Hi table salt, I am on typing this on my phone other wise I would post the link, but a member put up a post before about the "half rule" this is where if you have paid half the amount owed you can return the car and call it quits, his credit history will be unafected, if you search aam and type in half rule I am sure u will find it, or google it, I belive it is on the financal regulator web site, itsyourmoney.com or .ie sorry can put up link I'm at work, but has he just phoned the finance company and asked for a payment break or reduced payments also if he made smaller paymentts they might wipe the money owed and just stick it on the end i.e add a year extra to the term of the loan, worth a shot


----------



## samanthajane (3 Apr 2010)

Its not the garage he will need to give it back to, it's the finance company. I doubt very much the garage would buy it back from him. 

There is a half way agreement but your friend is a good year away from that so i dont think that is an option. 

Is he behind on payments? And the car has just decreased in value. If he gives the car back from my knowledge this is what will happen, The finance company will sell the car, often for much less than what it is worth, they mostly go to auction. What ever the car sells for will be taken away from the balanced owed ( often you will have fees as well so that makes the balance more cause they add it on ) your friend will then be responsible for the remaining balance, and they will chase you for it. 

It happened to a friend of mine a few years ago. She got loads of letters, got a court date, she didn't turn up, The court ordered a repayment plan. She never made a single payment, she got maybe 2 or 3 letters after that saying they would go back to court, but after that she's never heard a thing from them and that was about 3 years ago i think. 

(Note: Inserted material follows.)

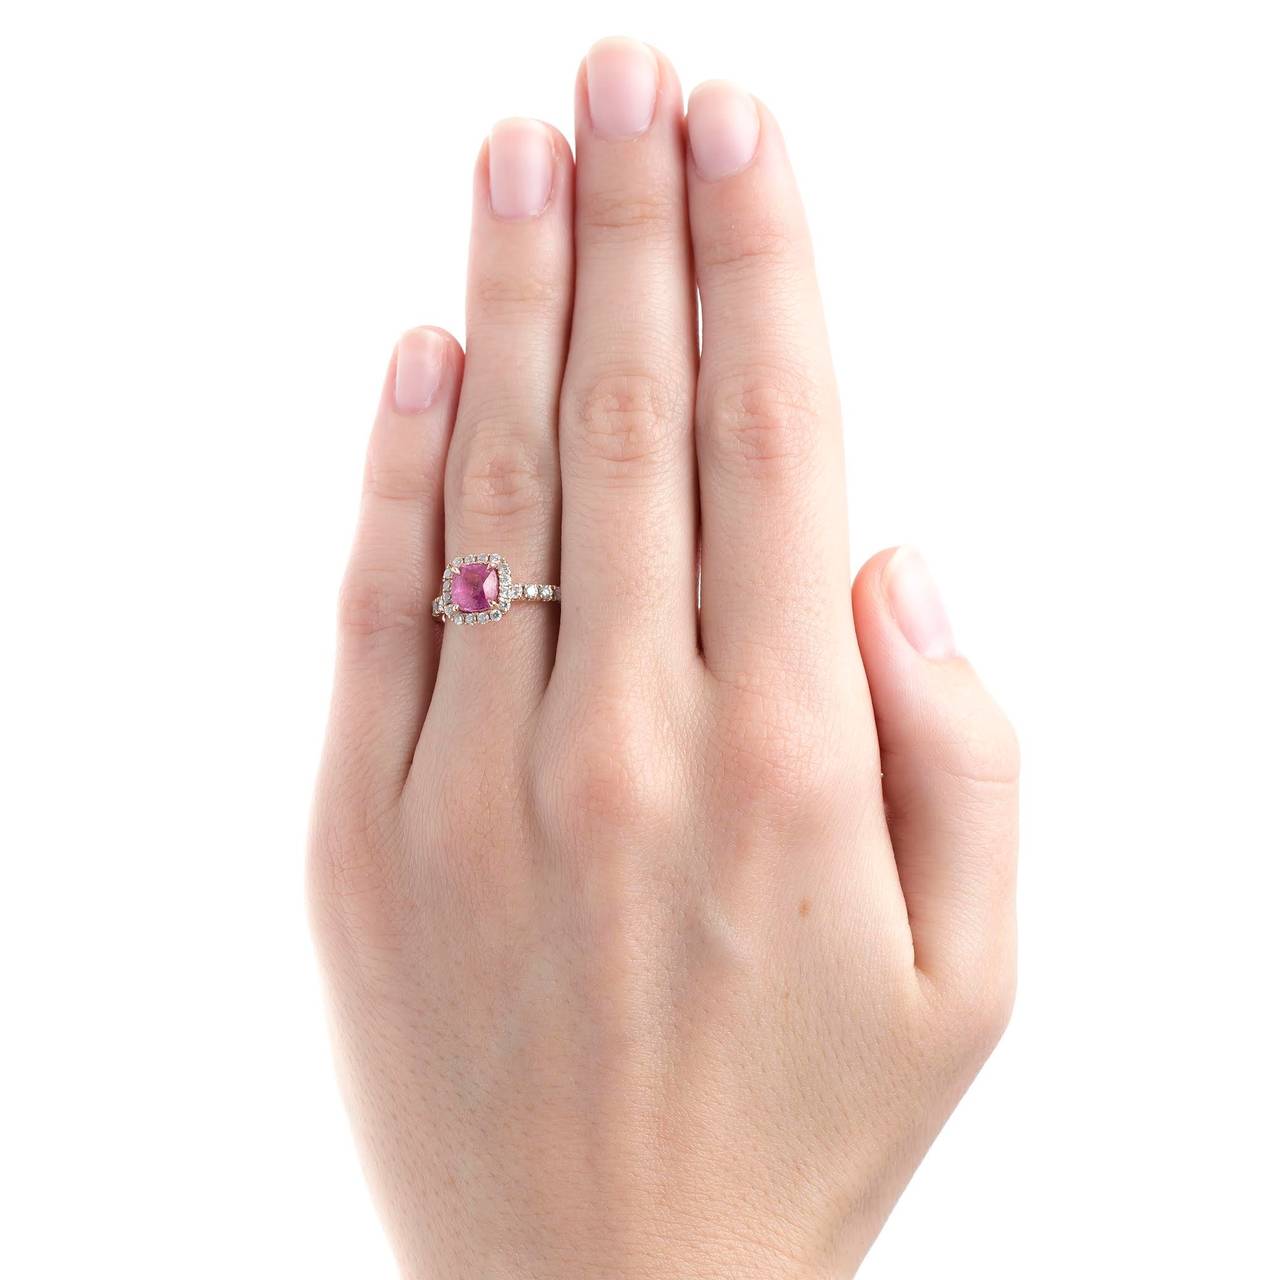 Eureka Springs is a contemporary (circa 2005) halo engagement ring made from 14k rose gold centering a 1.29ct natural cushion shaped pink sapphire. This bubblegum pink sapphire is perfectly nestled within a halo of twenty-eight bright white micro

I would tell your friend to think long and hard about his credit rating, it will stay with him for the next 6 years. You never know what might happen in that time. He could try and sell the car himself, he would probably get a bit more for the car but it wont be anywhere near what he's owes. He could then pay that money to the finance company and arrange a new payment plan extended over a longer time maybe to lower the repayments of the remaining balance. He will have to look into this more as I'm not 100% sure how it works. I know I've had a conversation about this with someone who had done this, but i cant remember if she paid the balance of the loan there and then with the cheques from the person that bought the car from her. I know the buyer had to make out the bank draft in the name of the finance company. There is something in the back of my head saying you cant do this, sell a car on with finance still outstanding on it even if you could arrange something with the loan company, cause if you then never carried on with the payments the car could be taken from the new owner. Maybe someone else on here will be able to help with that part that I'm unsure of. 

The only other option left is to just give it back, get the bad credit and deal with it. He'll have to go through all the letters and court dates ect. And just because my friend never heard anything else back from them doesn't mean he wont. 

Hope e manages to get things sorted out what ever he decides.


----------



## samanthajane (4 Apr 2010)

just to add on about the half way mark. He may be a few months away ( depending when in summer he got the car )  but if he could get those payments together and pay in advance, he can hand it back like sansan said. It's not so much the time frame of half way like i suggested it is about paying half the amount owed.

The only reason i didn't go into more detail with that is because if he can not afford to pay the monthly payments i didn't think he could come up with a good few grand, but thinking about it more thats probably his best way to go, maybe a credit union loan or a loan from friends and family.


----------



## tablesalt (4 Apr 2010)

I think he can try to continue for this half way rule. He is up to date with his loans. Im trying to search that thread with half way rule. Do you have a link, guys?
Thank you so much for posting!


----------



## samanthajane (4 Apr 2010)

lol I googled and it my own post that came up. I had to get rid of my poor car, i still miss it to this day, the good old banger gets me around but it's not the same haha. But it's wasn't so much about the half way rule my loan company were being a nightmare to deal with. 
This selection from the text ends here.